Tuesday, March 5, 2013

Boehner explains the GOP's 'Vote No, Hope Yes' legislative strategy

U.S House Speaker John Boehner (L)(R-OH), House Majority leader Eric Cantor (R)(R-VA) and Majority Whip Kevin McCarthy (C)(R-CA) walk appear before the press at the White House following their lunch meeting with U.S. President Barack Obama, February 9, 2011.  REUTERS/Jason Reed   (UNITED STATES - Tags: POLITICS) When the House passed the Violence Against Women Act last week, it was the third time this year that House Speaker John Boehner relied primarily on Democratic votes to pass a piece of legislation. Today, he explained why he supported moving forward with the legislation even though a majority of Republicans opposed it:
"We tried everything we could to get the differences in our conference resolved," Boehner said Tuesday of moving a Democratic version of VAWA last week. "And the fact is they couldn't resolve their differences. It was time to deal with this issue and we did."
So, according to Boehner, VAWA was a bill that needed to pass, and Republicans weren't capable of coming up with a version that could pass. The solution: push the GOP to the side and let the Democrats lead the way.

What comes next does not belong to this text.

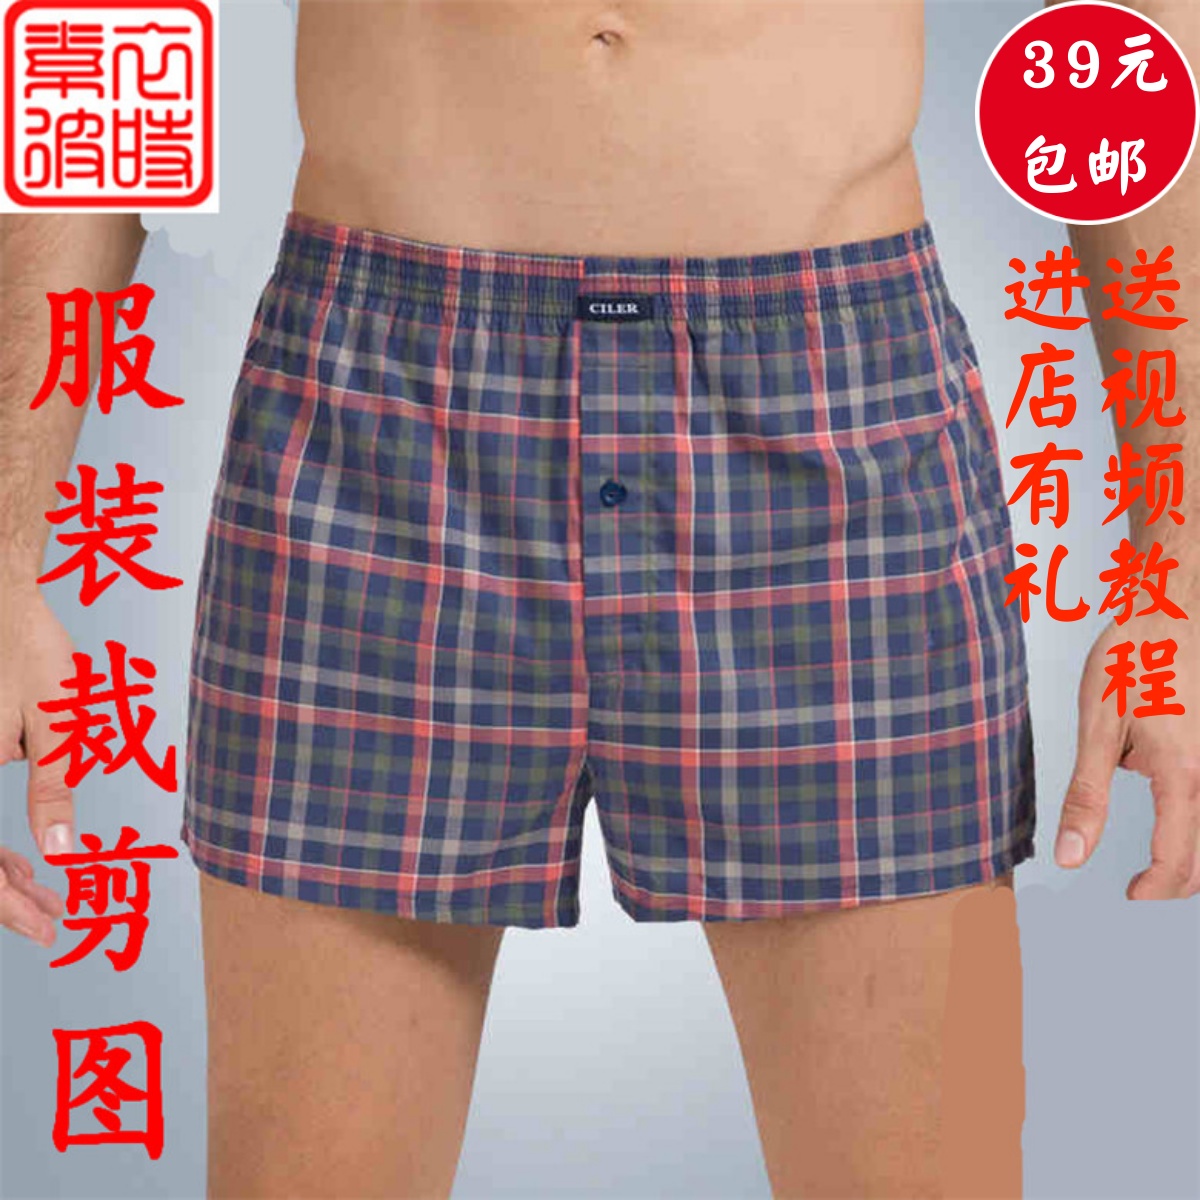 素-男士阿罗裤服装纸样宽松居家平角裤裁剪图1:1运动家居睡裤样板

But even though Boehner has now allowed three votes so far this year on bills opposed by a majority of the House Republican Conference, he's not actually going against the wishes of his party. It's the exact opposite, in fact'a strategy that Ashley Parker of the New York Times dubbed "Vote No, Hope Yes."

The basic idea of Vote No, Hope Yes is that many Republicans realize that they can't stand in the way of must-pass legislation like the fiscal cliff deal, VAWA or Hurricane Sandy. At the same time, they can't bring themselves to support it, so they try to split the difference by allowing the legislation to come up, and then voting against it while simultaneously hoping it will pass.

As Sarah Binder of the Brookings Institution pointed out earlier this year, we know that House Republicans overwhelmingly supported Speaker Boehner's decisions to bring the fiscal cliff and Hurricane Sandy bills up for a vote because they overwhelmingly supported the procedural votes that allowed those bills to move forward. The same was true with VAWA. You can see those votes here, here and here. Republican opposition was in single digits on each vote.

What this means is that Vote No, Hope Yes isn't just a Boehner strategy'it's a strategy with broad support in the House Republican Conference, and it's deeply dysfunctional. Essentially, Republicans are conceding that they are too extreme for the country, at least on some issues, and that on those issues, Democrats should lead the way. The simple solution for Republicans would be to moderate their views, but they are trapped between satisfying their right-wing base and not pissing off a center-left nation, so they give us Vote No, Hope Yes in an attempt to split the difference.

I suppose that Vote No, Hope Yes is a little better than a simple strategy of "no, no, no," but not by much. The fiscal cliff, Hurricane Sandy and VAWA votes never should have been in doubt in the first place. And on things like the sequester, it isn't doing us any good at all. As Republicans have been fond of saying, hope is not a plan. November 2014 can't come soon enough.